There's a quote I read a long time ago: "You're not a man until your father says you are." All the more true if your father is a certain, somewhat legendary figure. Or maybe it's not true at all.
A few years down the road. A dusty, low-slung roadhouse outside of Oklahoma City.
CHARACTERS: Dean, background OCs
GENRE: Gen
RATING: PG
SPOILERS: None
LENGTH: 600 words
...UNTIL YOUR FATHER SAYS YOU ARE
By Carol Davis
He's crossed a line, somehow.
And it's not because of Hell; not because his soul's been battered and bloodied, shredded and frayed.
Nor is it thanks to the sheer numbers of people he knew, cared about, loved, who've been torn away from him over the years. It's not a "last man standing" kind of a thing. You don't get here simply by being the one who wasn't killed.
Particularly if you have been killed, a hundred times over.
It's not because of what he knows. There are people who know more than he does. Who are more skilled, more ingenious.
He's nothing special.
And yet there's this.
This quiet awe. This deference. This delivering of gifts (another chilled, brimming pitcher of beer; the offer of a deal on a couple of new tires to replace the ones that got shredded outside of Tulsa; the flip of a skirt that implies something more, something to be granted later, in a more private place).
Sam will laugh, he thinks. In the morning, when Sam finally arrives after three days on the road. He will snort. He will roll his eyes, when Dean tells him about this.
Or maybe not. Maybe Sam's been on the receiving end of this same peculiar treatment.
When Dean came in through the door of this place, this dusty, low-slung roadhouse an hour outside of Oklahoma City, he collided with a kid who looked nineteen or so - a kid who showed the signs of having been in the life for half of his. Dean met his gaze, found a weariness that matched his own. Then astonishment. Chagrin.
"Sorry, sir," was what the kid said. "Jesus. You're - I'm sorry. Sir."
Sir?? Dean thinks, one hand curled around a half-empty mug, the glass of it scratched and chipped and scuffed with wear. It's as battered as Dean feels, but it's got one up on him: it's just a thing. Unaware. Unfeeling.
The hell…?
Somehow, he's become a "sir."
Because of all the hunters lost these past few years, to the demons, the angels, the Alphas, the Leviathans? To the run-of-the-mill uglies they battle every day? Is he what's left? That terrible thinning of the ranks put him here?
Is that it?
The waitress returns with the plate of eggs and home fries she promised him, sets it down gently, smiling, and he thinks of Jo, how Jo would never have tiptoed around him like this, would never have treated him like he farts the scent of fresh-cut grass and lilacs.
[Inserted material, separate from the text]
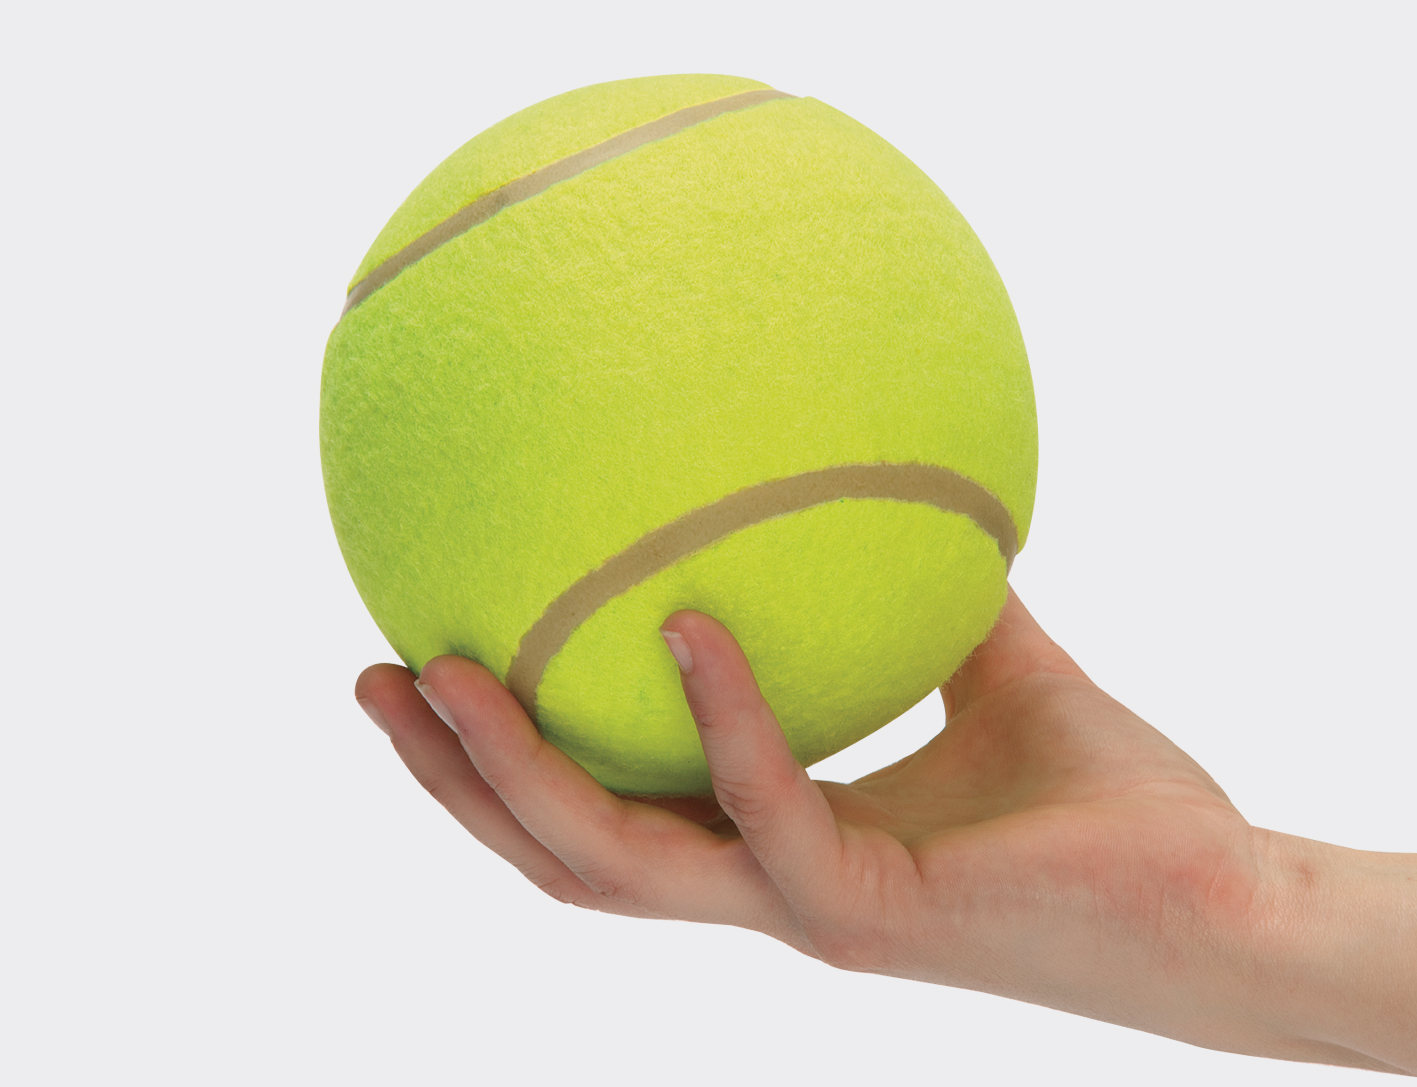 Balls Archives Slater Gartrell Sports

It's a freaking roadhouse, he thinks, not some white-tablecloth place, not some place he wouldn't be welcome in torn jeans and an old flannel button-down stained with dried gore.
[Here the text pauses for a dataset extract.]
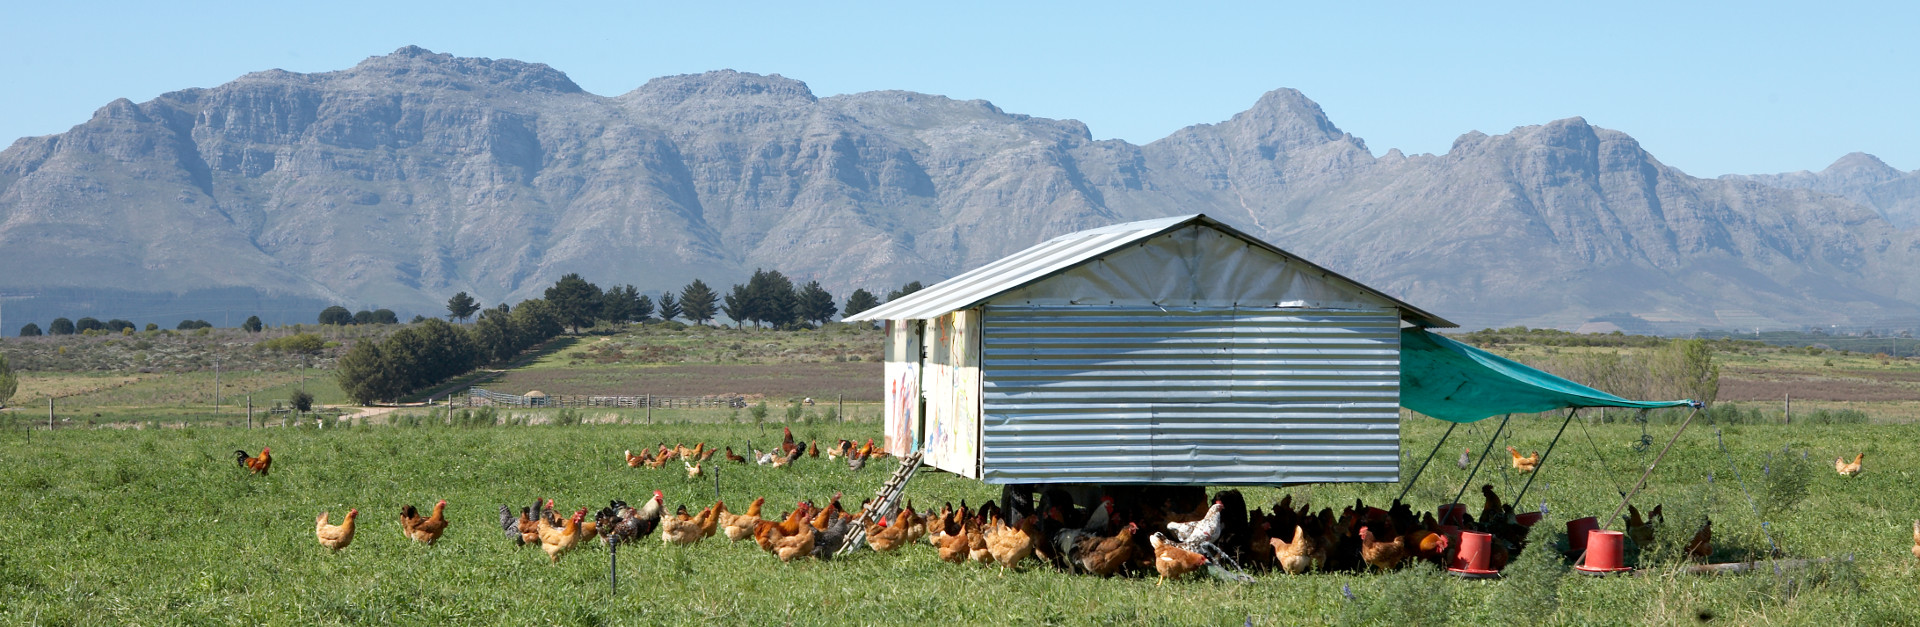 Cape Winelands audio tour: Walk The Spier Farm: Wine Tasting Room

"Do you know me?" he asks, frowning.
She ruffles a little bit, like a bird surprised by a strong gust of wind. "Well… yeah. Of course."
He's thirty-six years old.
He's been killed more than a hundred times. None of them stuck, though that one time stuck well enough. He's been made whole, in some sense, at least, after every one of those times, but more often than not, he feels as fragmented as a boxful of jigsaw puzzle pieces.
A thought occurs to him, and as she turns to walk away, he voices it.
"I'm John Winchester's son."
That stops her, but not for the reason he thought it might. "I -" she says. "Who?"
He shakes his head.
She's really young. Sixteen, maybe seventeen. And things slip away.
Someday, he figures, he will have slipped away too.
Just as well, he thinks, and digs into the plate of food.